*Task item*
Quote the listing below in full and exactly as written, but omit every picture.

*** Data section

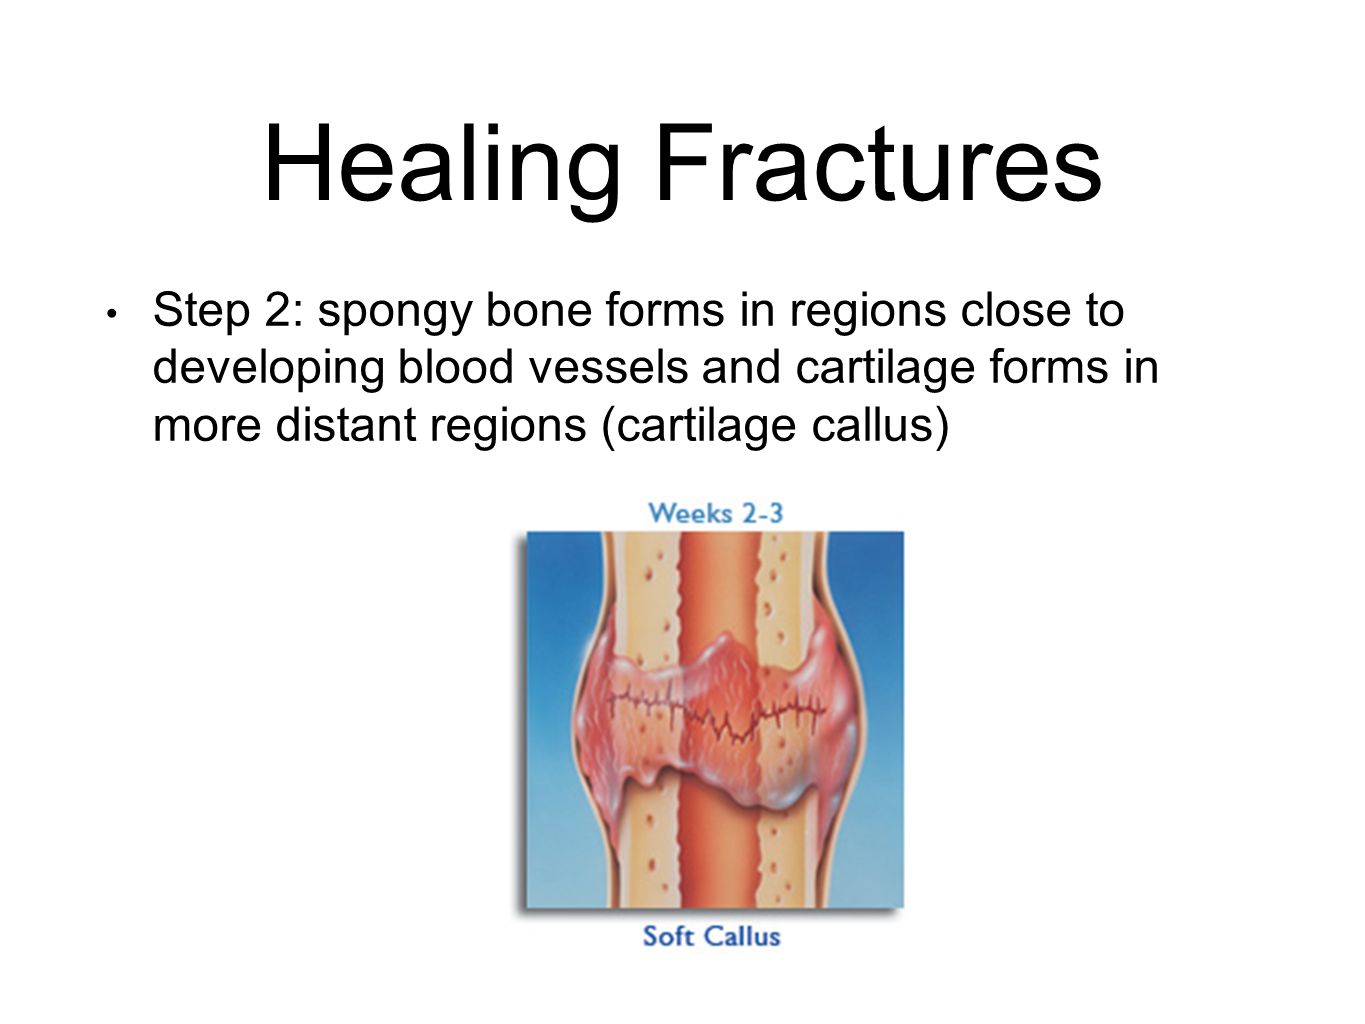 Healing Fractures Step 2: spongy bone forms in regions close to developing blood vessels and cartilage forms in more distant regions (cartilage callus)
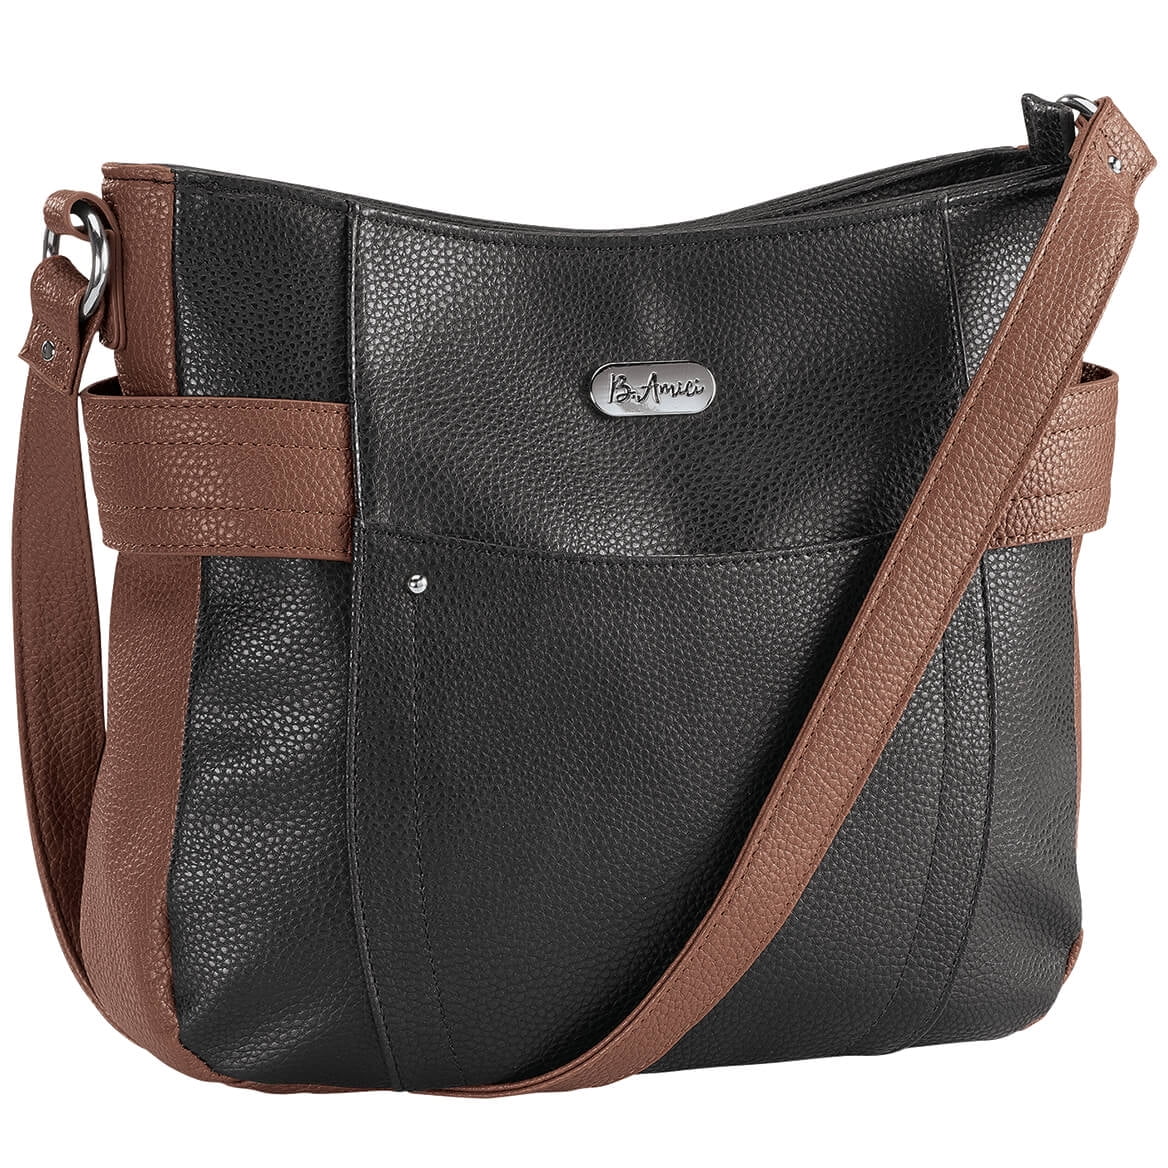 Crossbody Bags and Shoulder Bags for Men - The collection on Mylilly
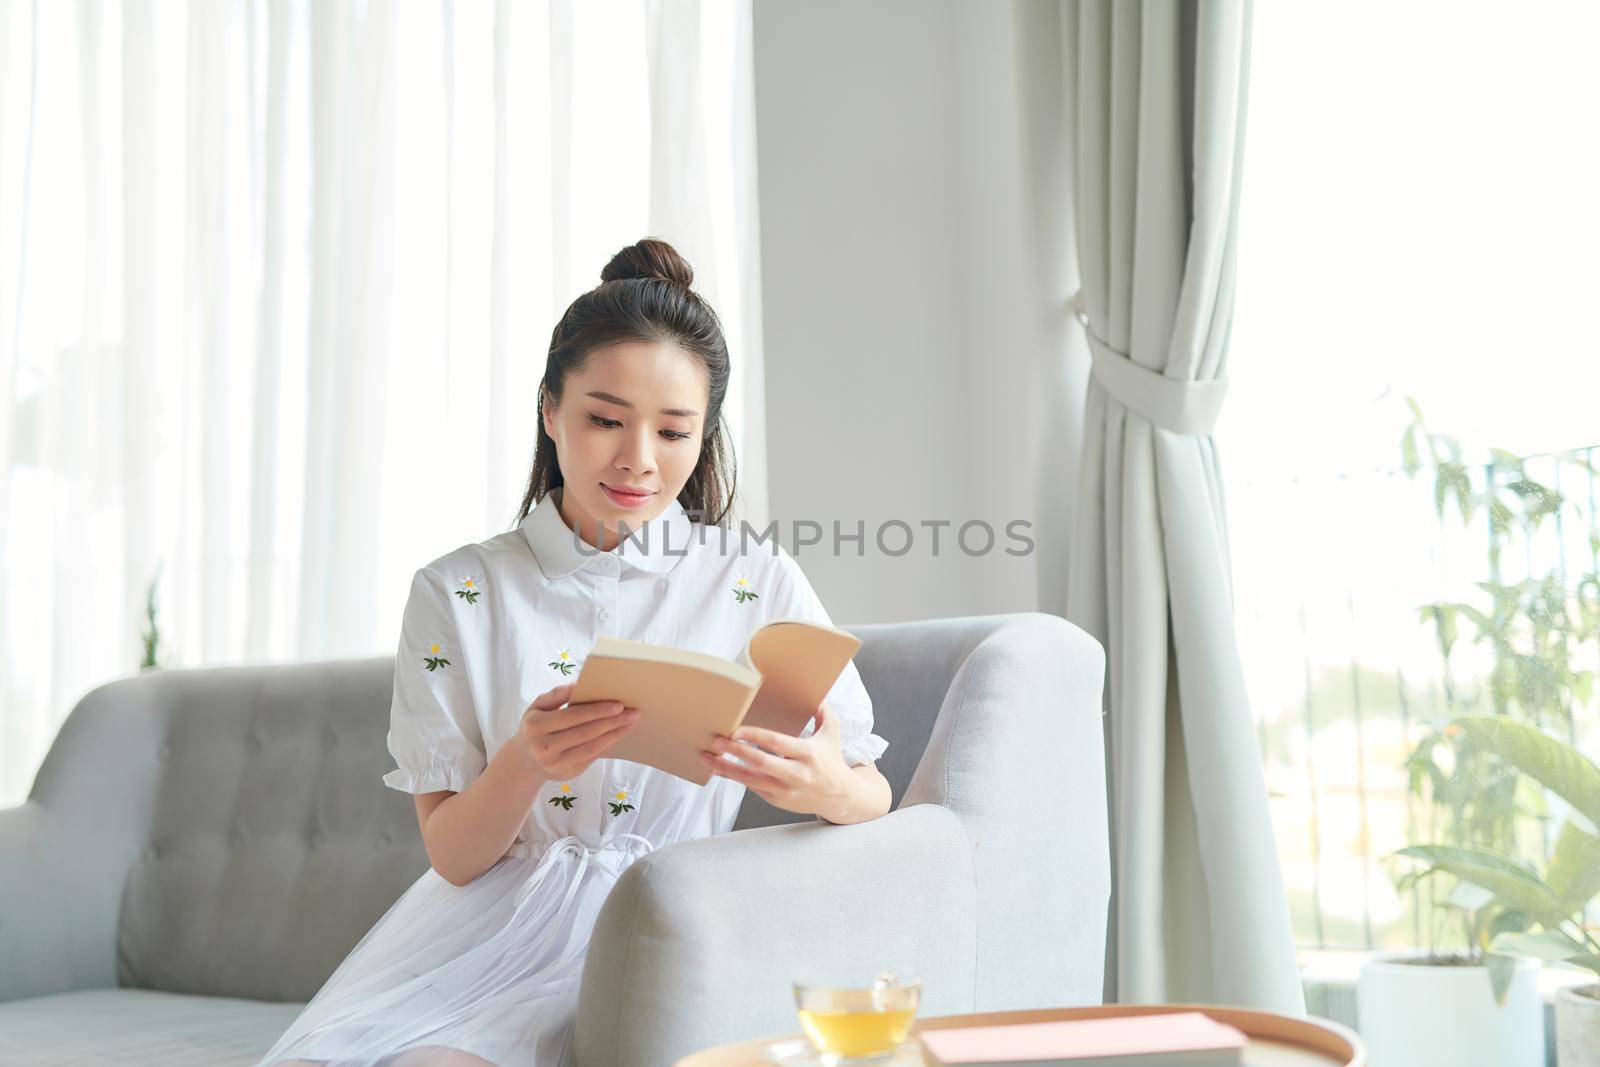 Girl reading an interesting book and smiling by makidotvn

******

*Answer to this task*
 Healing Fractures Step 2: spongy bone forms in regions close to developing blood vessels and cartilage forms in more distant regions (cartilage callus)
 Crossbody Bags and Shoulder Bags for Men - The collection on Mylilly
 Girl reading an interesting book and smiling by makidotvn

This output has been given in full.